A/N: Hello and HAPPY NEW YEAR! Sorry that this is up so late tonight (well I know they are always up late, but usually before it is technically Tuesday) but I hada bit of a crisis moment: I accidentally set my microsoft word default language to Spanish and spent ages trying to set it right. Oh to be a child of the technology age... anyway, I hope you enjoy the chapter! Hannah xxx


If you didn't already know that Jack was immortal, then one might assume that that man has a death wish. It's the day before Gwen's wedding and he is simply doing everything he can to wind her up as much as humanly possible, and the worst part is, I'm not even sure whether it's on purpose or whether he just hasn't realised! On the one hand, it's hard to believe that he would fail to realise that cracking jokes about swapping Banana Boat for a Weevil as Rhys's best man, or how he might use cooked rice instead of raw to throw as they leave, or how he's going to have a cheek bite of the wedding cake before they've even cut it…. Yet on the other hand, I just can't get my head around the idea of him purposefully wanting to wind her up.

We all love Gwen, but I don't think any of us would shy away from admitting that she is bloody terrifying when she's angry. The thought of spending some quality one on one time with Janet in her cell is actually more appealing than the idea of incurring the wrath of Miss Cooper, soon to be Williams. Normally she's fine, perhaps a little feisty if you choose the wrong words or whatever, but not as snappy as she has been lately, which is of course purely down to the wedding. She is so very stressed about the wedding going as smoothly to plan as she would like, all of us (aside from Jack) are doing our best to be as sweet and gentle with her as possible, because none of us particularly fancy a black eye. She's yet to offer more than a growl and a quickly fired hand gesture… but if he carries on the way he's going…

Oh god, so it's not only Jack that she now wants to throttle… I think I might have inadvertently insulted her… I was honestly only trying to be helpful! But I can see now that I made a fatal error. We'd all been busy and working hard this afternoon on our various little tasks, I had just finished compiling a dossier on the Silurians that we've been tracking underground for the past month or so, which Jack has a feeling might be about to surface, and Gwen, well Gwen was sat at her desk frantically finishing off her report on the werewolf we encountered a few days ago before she went out with Owen to check out a crash site. Seeing that she was bogged down with work, and rapidly trying to hurry everything along before she had to leave again, I did the gentlemanly thing (and what I'm paid to do) and went to offer her a coffee:

"Would you like a coffee at all Gwen?" I asked, walking over to where she was working and placing a hand on her shoulder.
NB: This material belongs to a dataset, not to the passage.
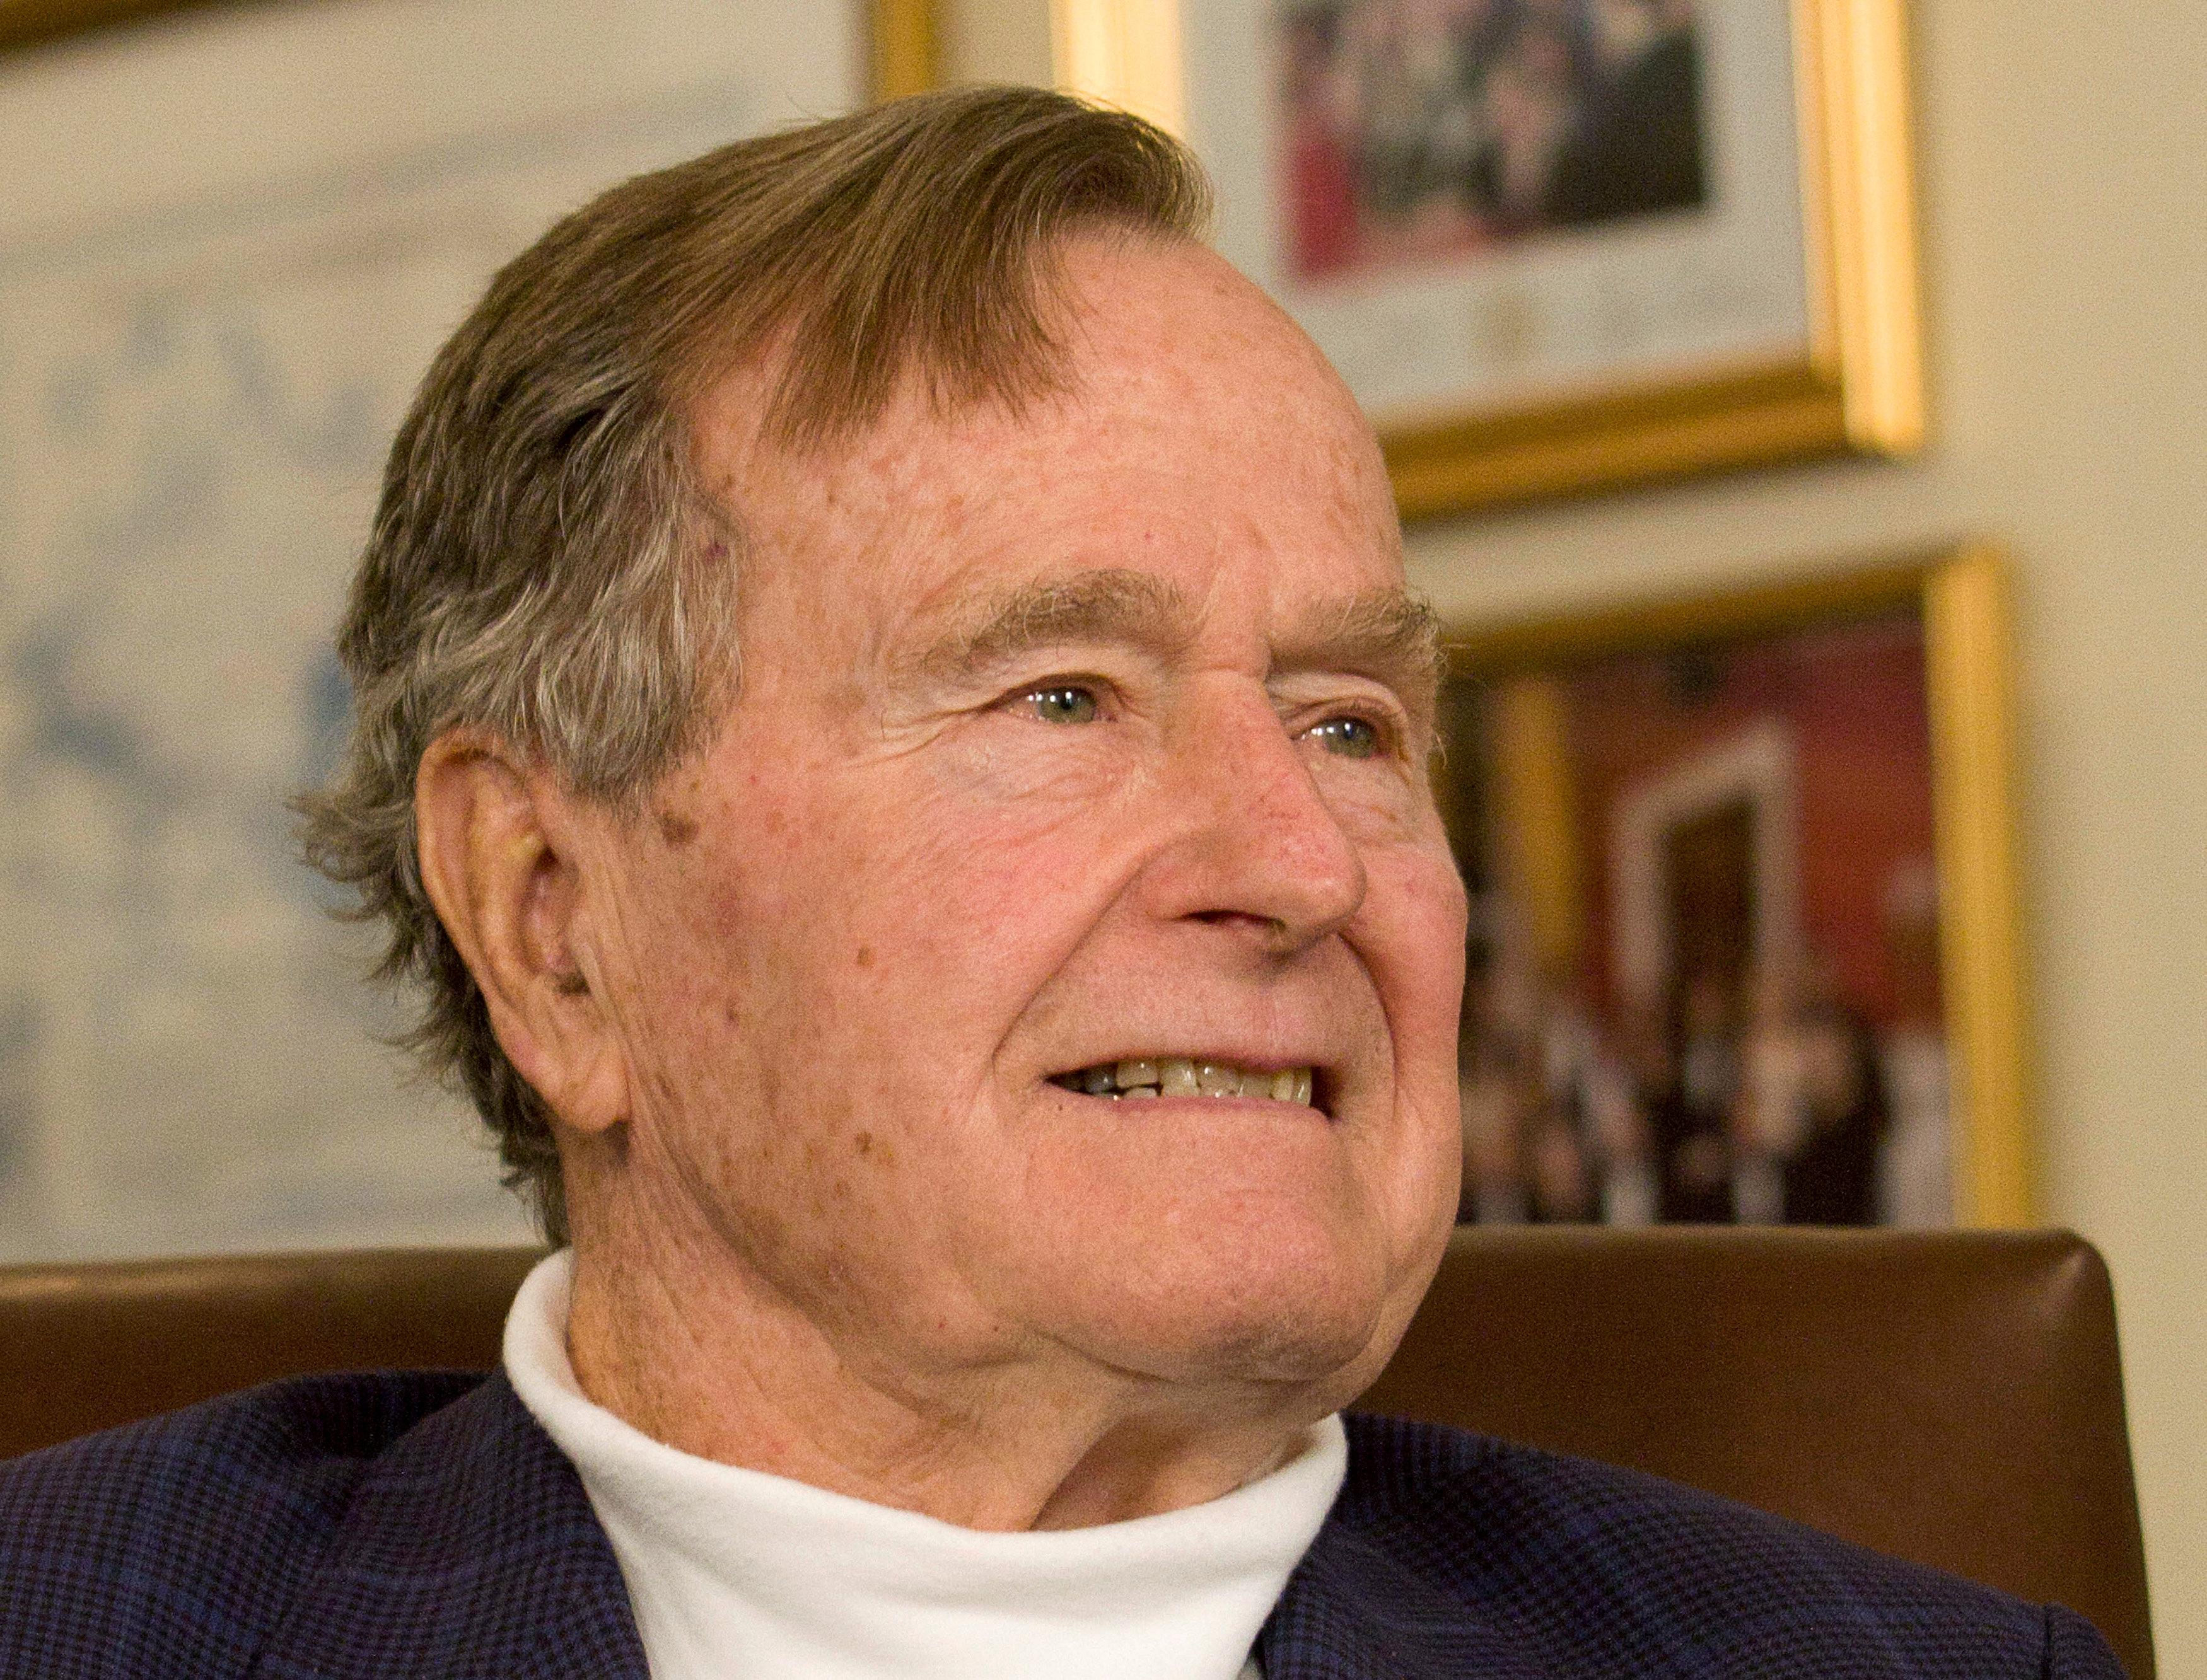 Former U.S. President George H.W. Bush dead at 94

"Uh yeah that would be great" She replied, offering a tired looking smile.

I left, giving her shoulder a squeeze before I did so, and started heading over to the coffee machine.

"Actually Ianto, could you make it a decaf?" She shouted across to me.

"If you're sure, I mean you look like you could use the caffeine" I replied, ever so innocently.

"What are you trying to say exactly? Can I really look that terrible that I'm suddenly desperately in need of a caffeine boost to liven me up a bit?" She asked, somewhat haughtily.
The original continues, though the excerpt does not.